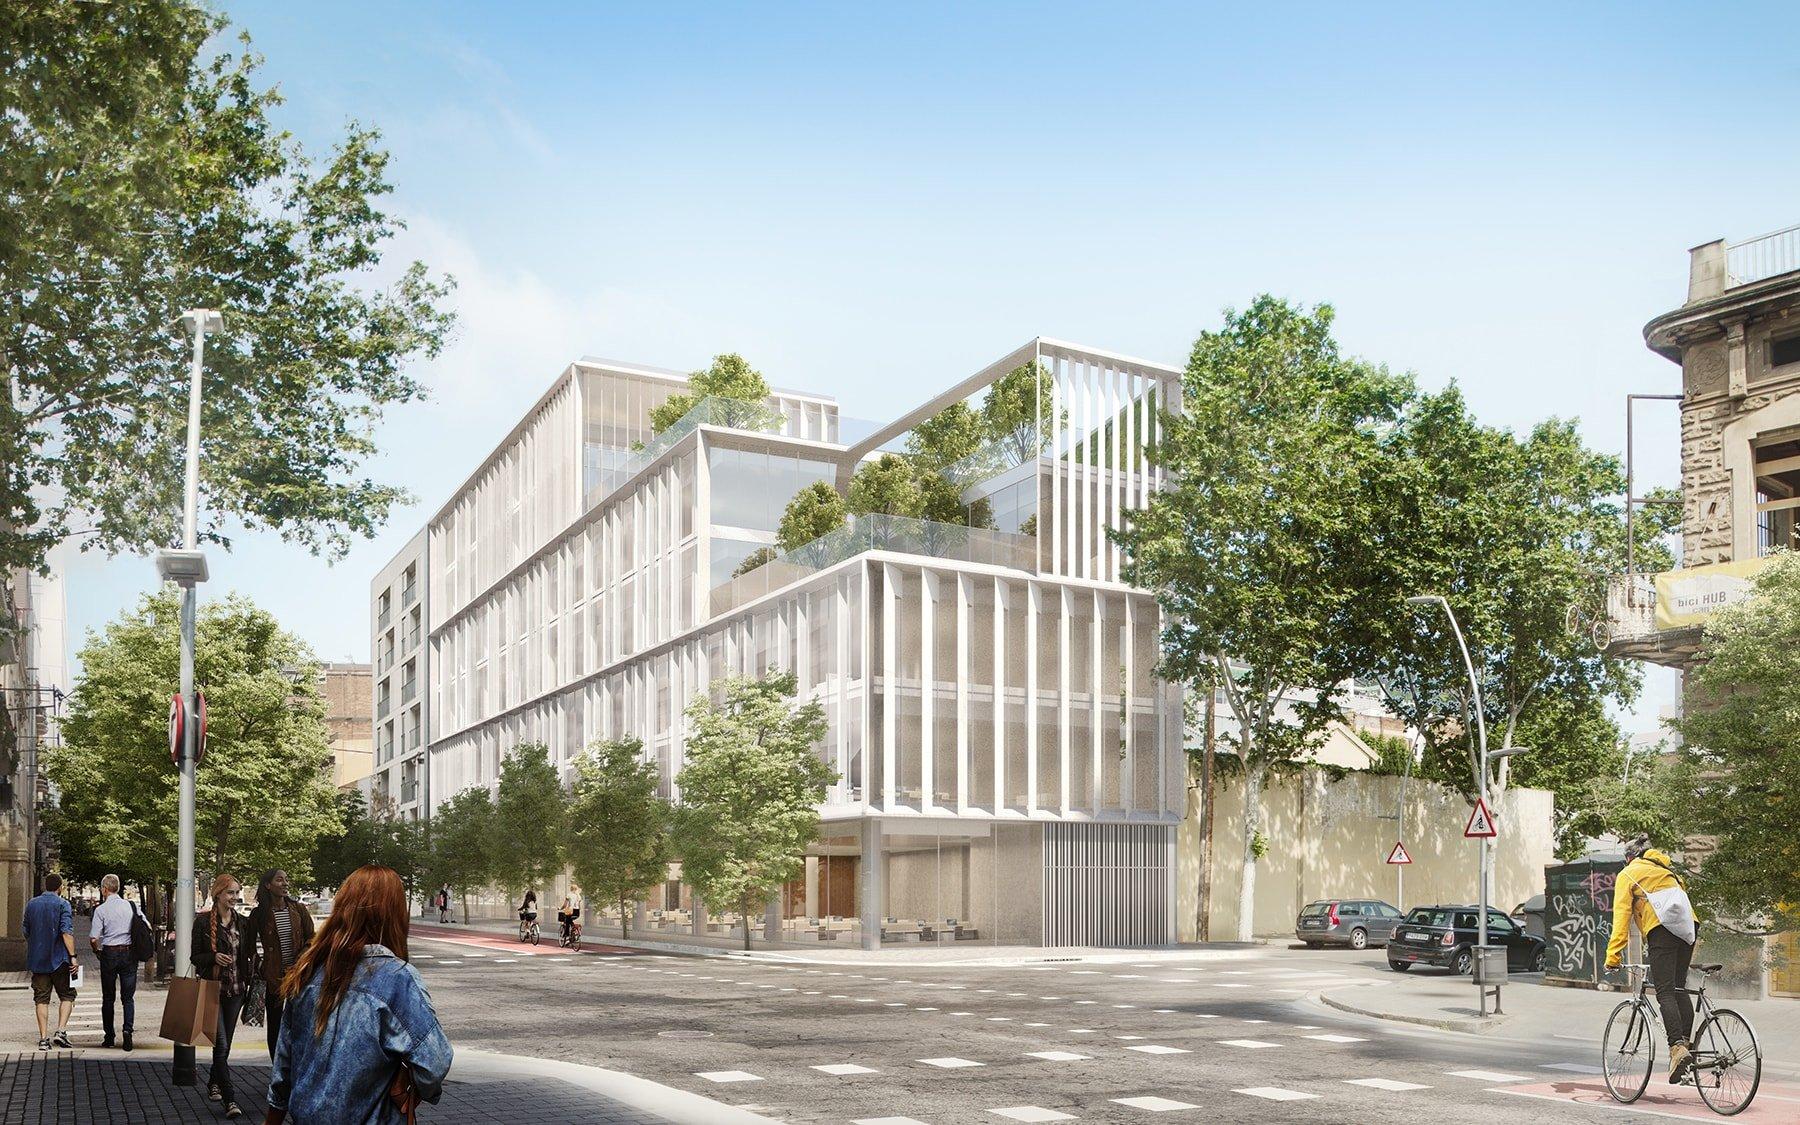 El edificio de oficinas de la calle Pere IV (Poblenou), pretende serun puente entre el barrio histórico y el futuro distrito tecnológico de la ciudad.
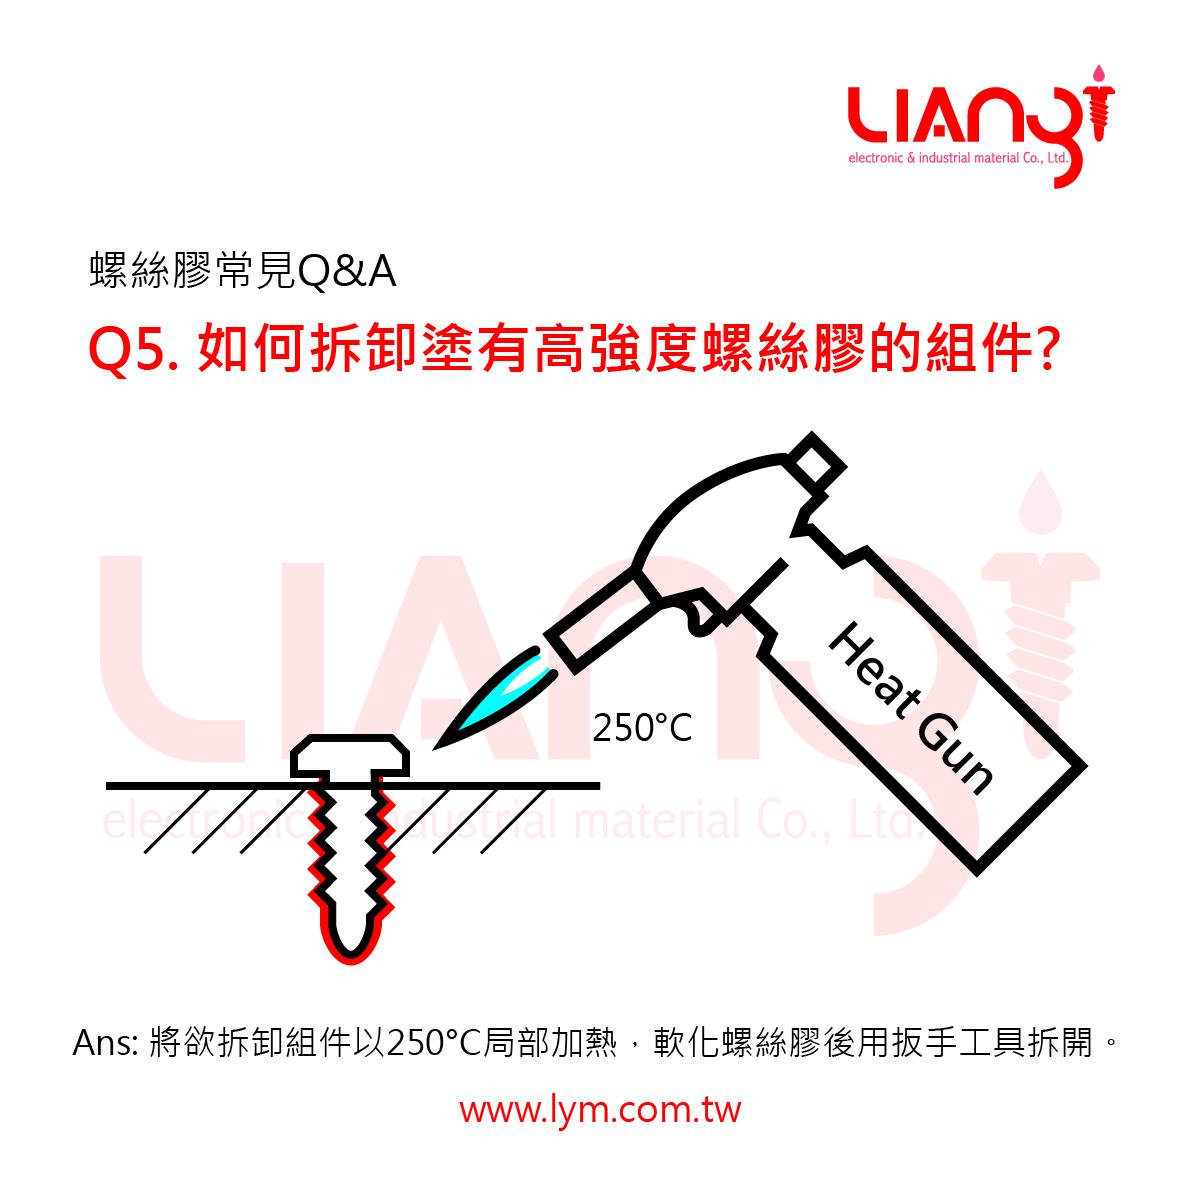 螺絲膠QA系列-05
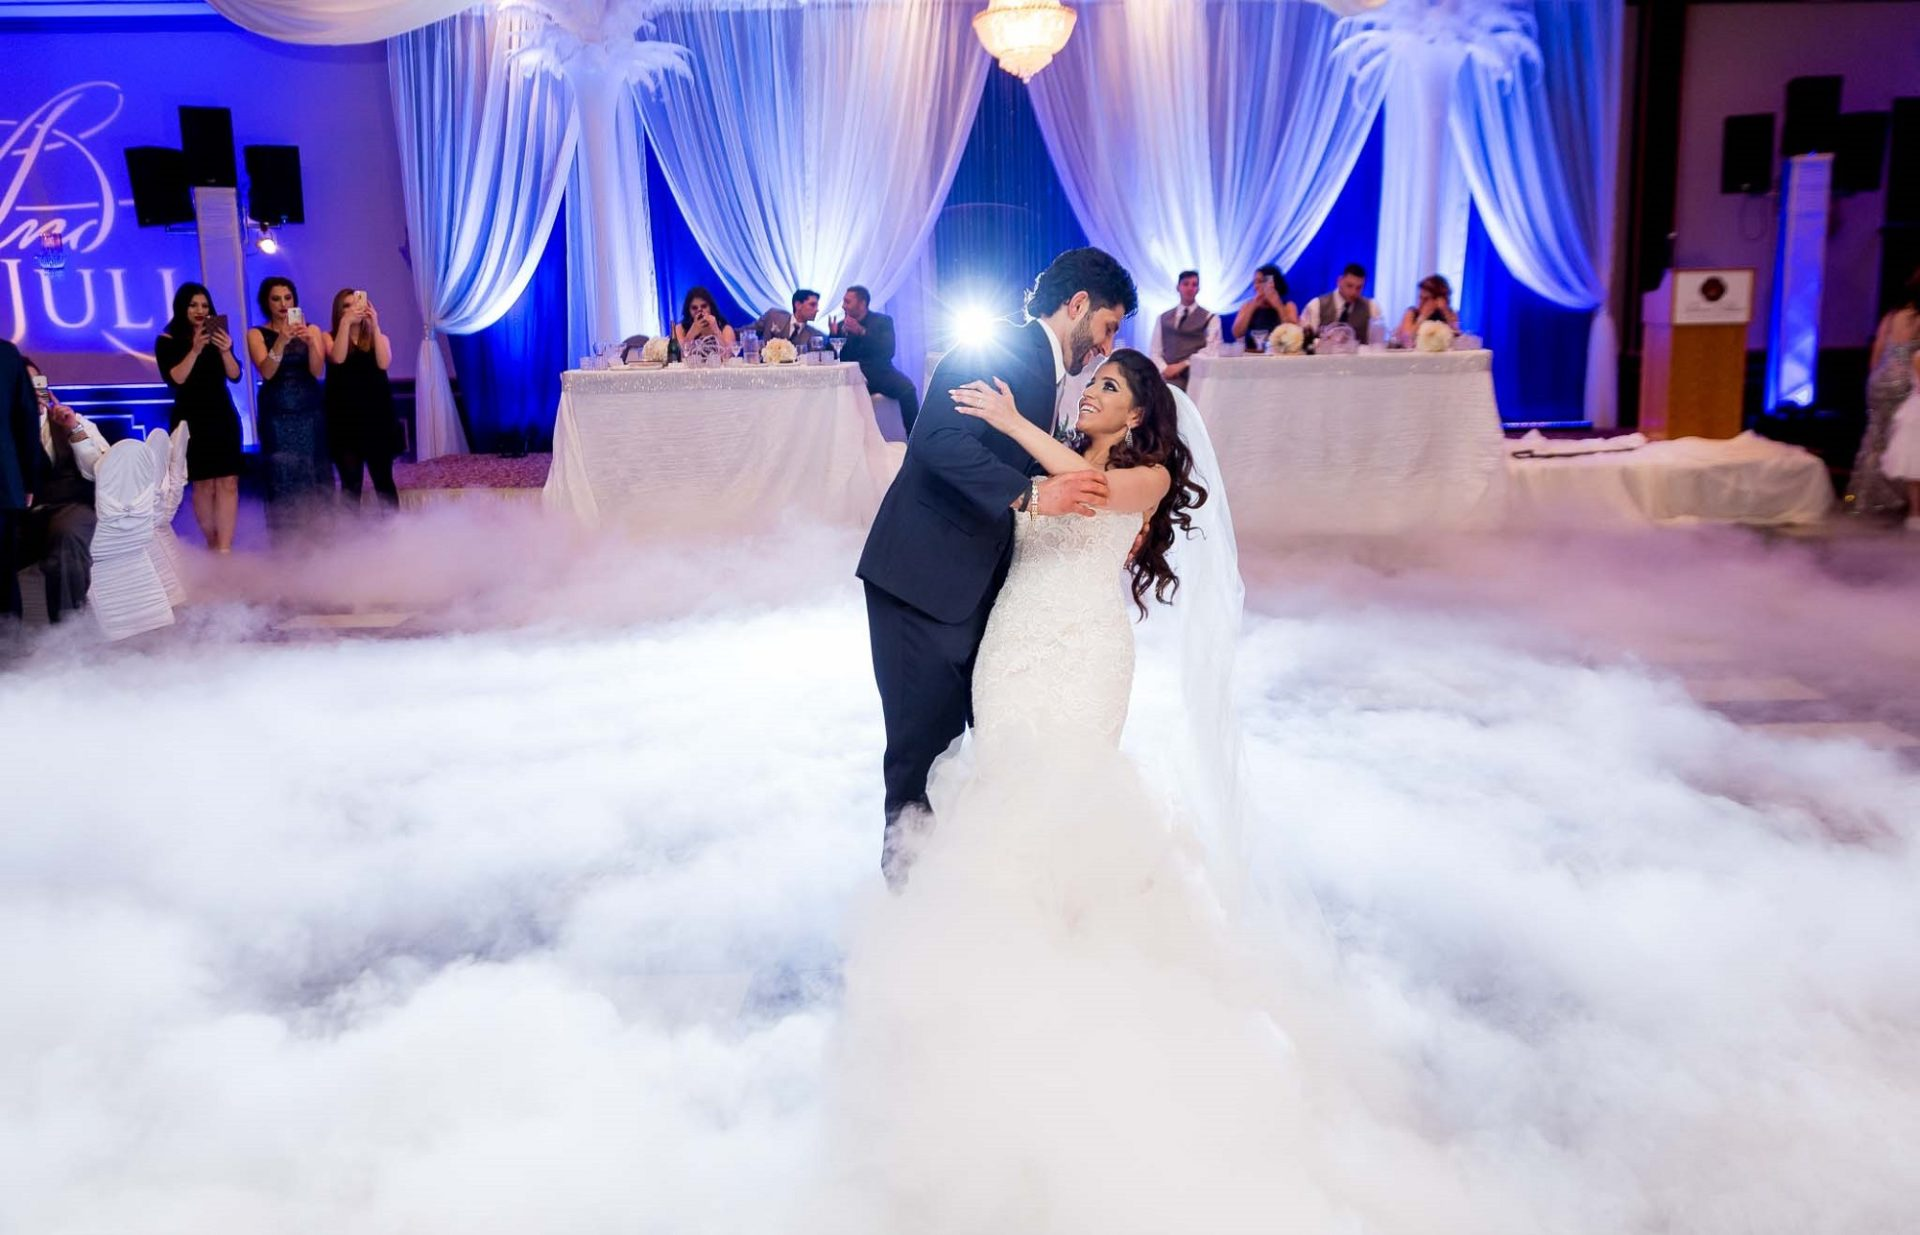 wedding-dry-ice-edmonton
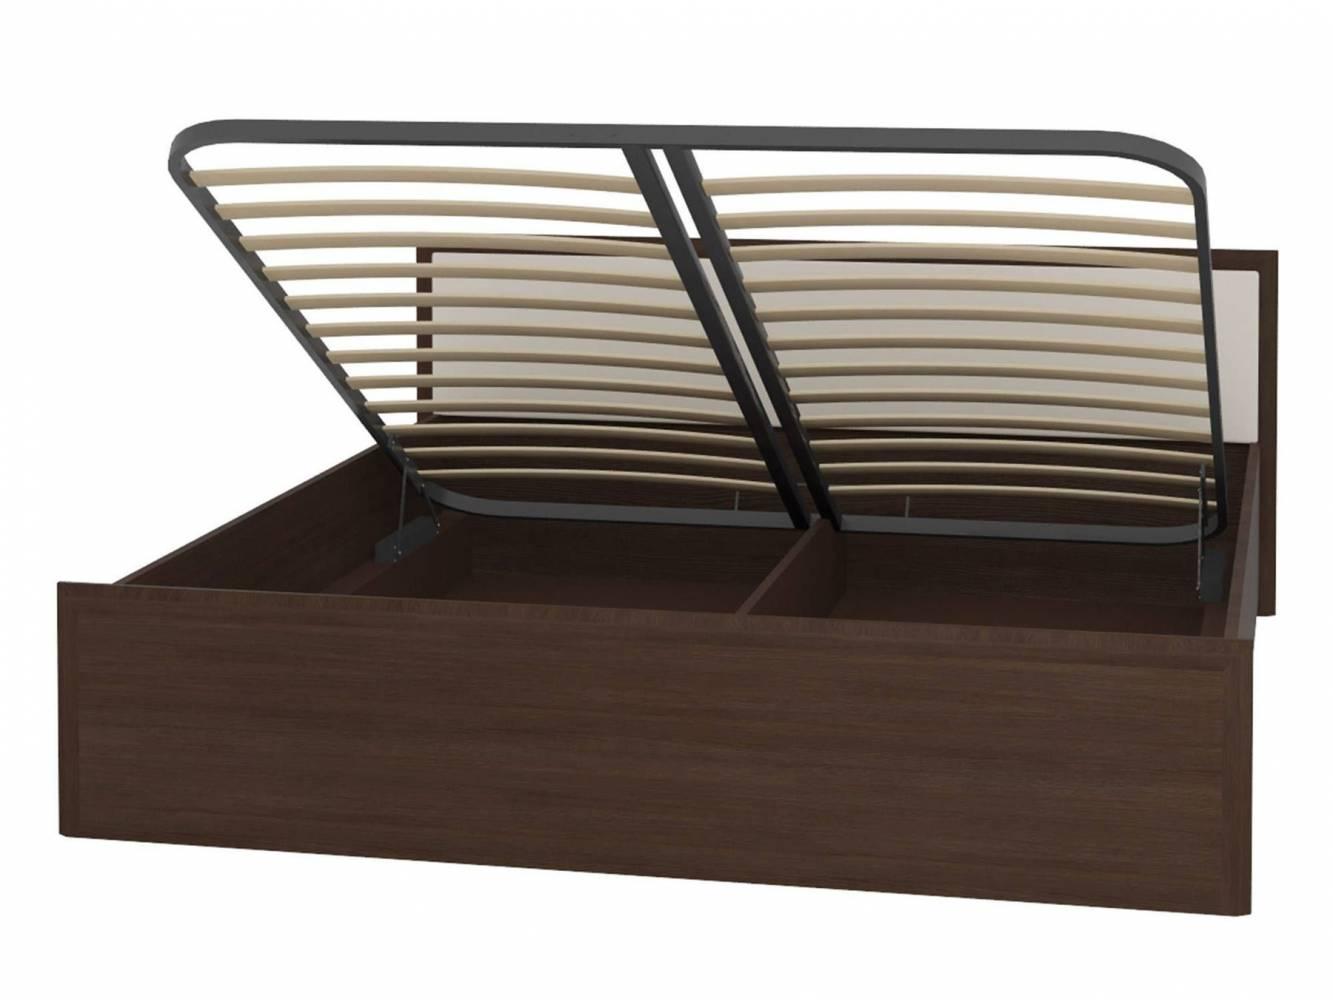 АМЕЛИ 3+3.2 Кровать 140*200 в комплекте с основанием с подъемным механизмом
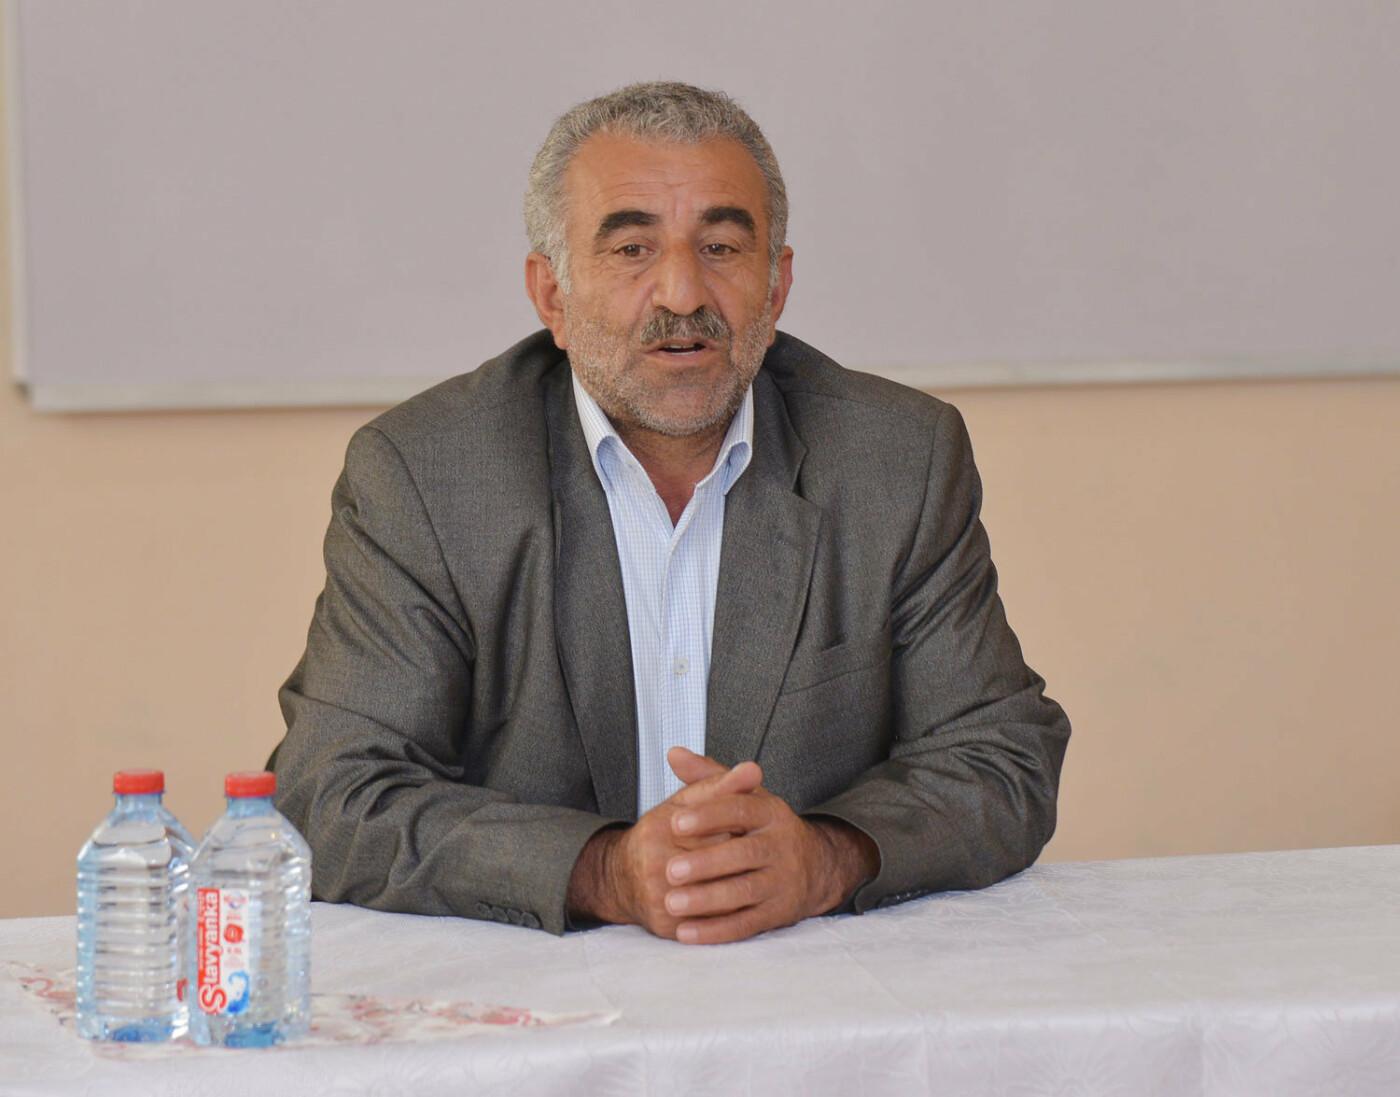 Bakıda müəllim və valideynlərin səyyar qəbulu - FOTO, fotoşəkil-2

- - -

→ Instructions to follow
The data above needs to be retyped exactly, with the images left out.

→ Result of the task
 El edificio de oficinas de la calle Pere IV (Poblenou), pretende serun puente entre el barrio histórico y el futuro distrito tecnológico de la ciudad.
 螺絲膠QA系列-05
 wedding-dry-ice-edmonton
 АМЕЛИ 3+3.2 Кровать 140*200 в комплекте с основанием с подъемным механизмом
 Bakıda müəllim və valideynlərin səyyar qəbulu - FOTO, fotoşəkil-2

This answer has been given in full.